Objective: We performed a case-control study to evaluate the role of IL-18-07C/A (rs1946518) and -137G/C (rs187238) polymorphisms in the development of breast cancer.
Methods: A total of 305 breast cancer patients and 305 healthy controls were recruited between May 2015 and May 2016. The genotyping of IL-18 -607C/A and -137G/C polymorphisms was carried out by an iPlex GOLD SNP genotyping analysis using the Sequenom MassARRAY® System.

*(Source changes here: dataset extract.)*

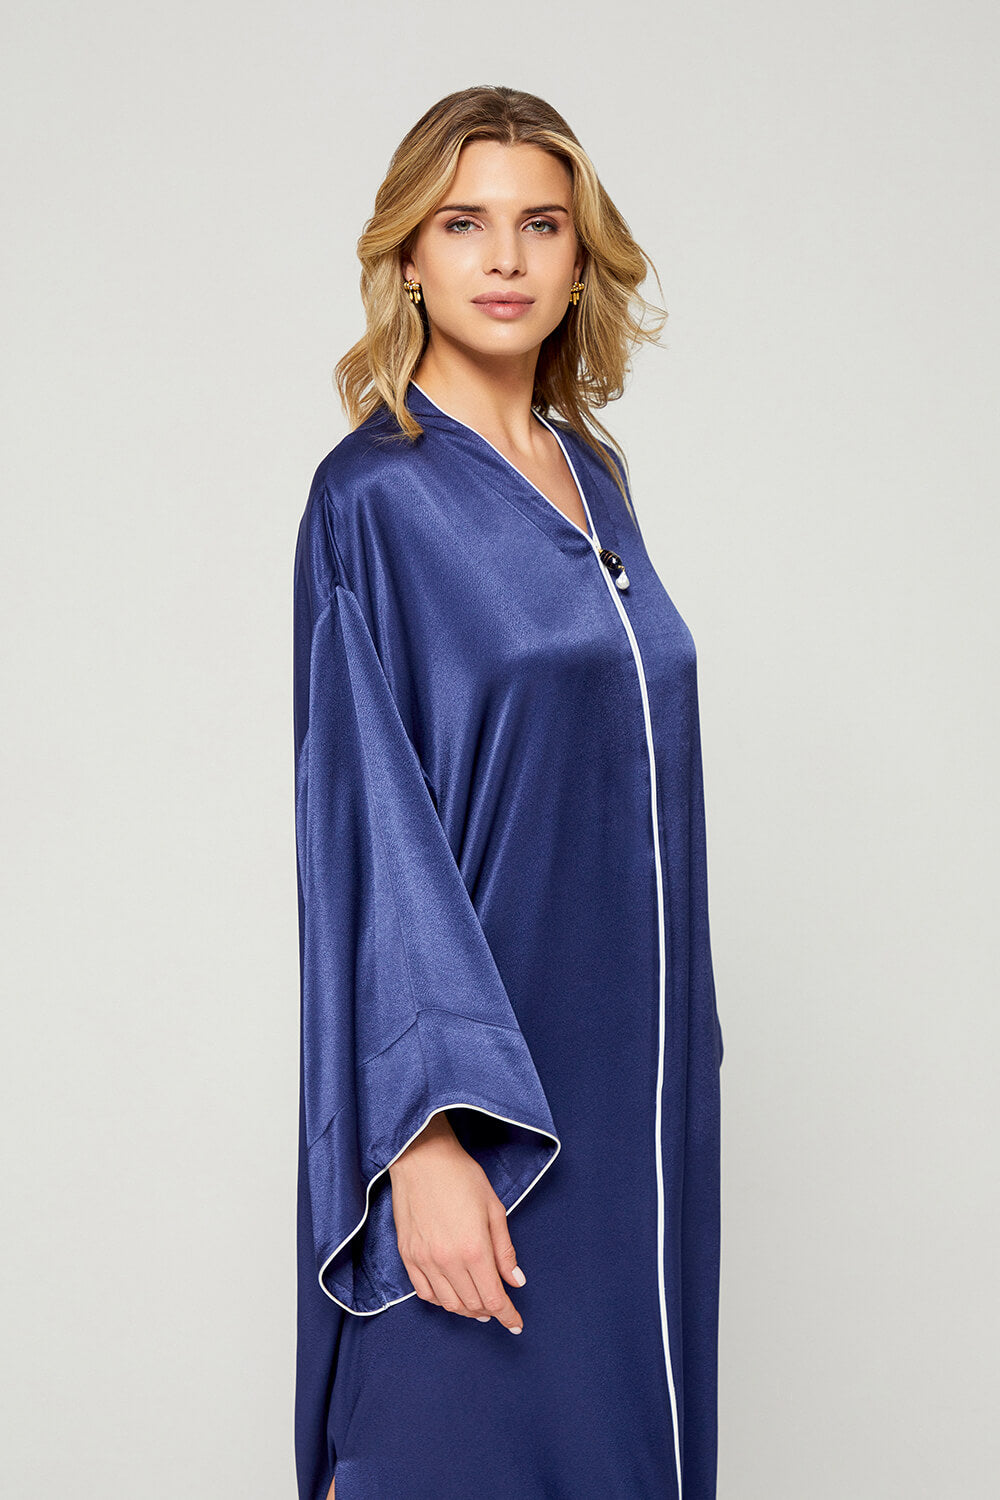 Ghada - Rayon Long Zippered Dress -Navy Blue with Off White Tape Details

Results: We observed that the CC genotype of IL-18 -607C/A was associated with breast cancer risk (OR=1.80, 95%CI=1.06-3.07), when compared with the CC+CA genotype. The CC genotype of IL-18 -137G/C had a 2.90 fold risk of breast cancer as compared to the CC genotype, and the CC genotype also showed an increased risk of breast cancer compared with the GG+GC genotype (OR=2.94, 95%CI=1.41-6.11). A completely linkage disequibrium was found between IL-18 rs1946518 and rs187238 (D’=1.00, r2=0.19). The A-C (OR=1.52, 95%CI=1.11-2.08) and C-G (OR=0.79, 95%CI=0.62-0.99) haplotypes were associated with breast cancer risk.
Conclusion: We found that IL-18 -607C/A and -137G/C polymorphisms and haplotypes contribute to increase the breast cancer risk.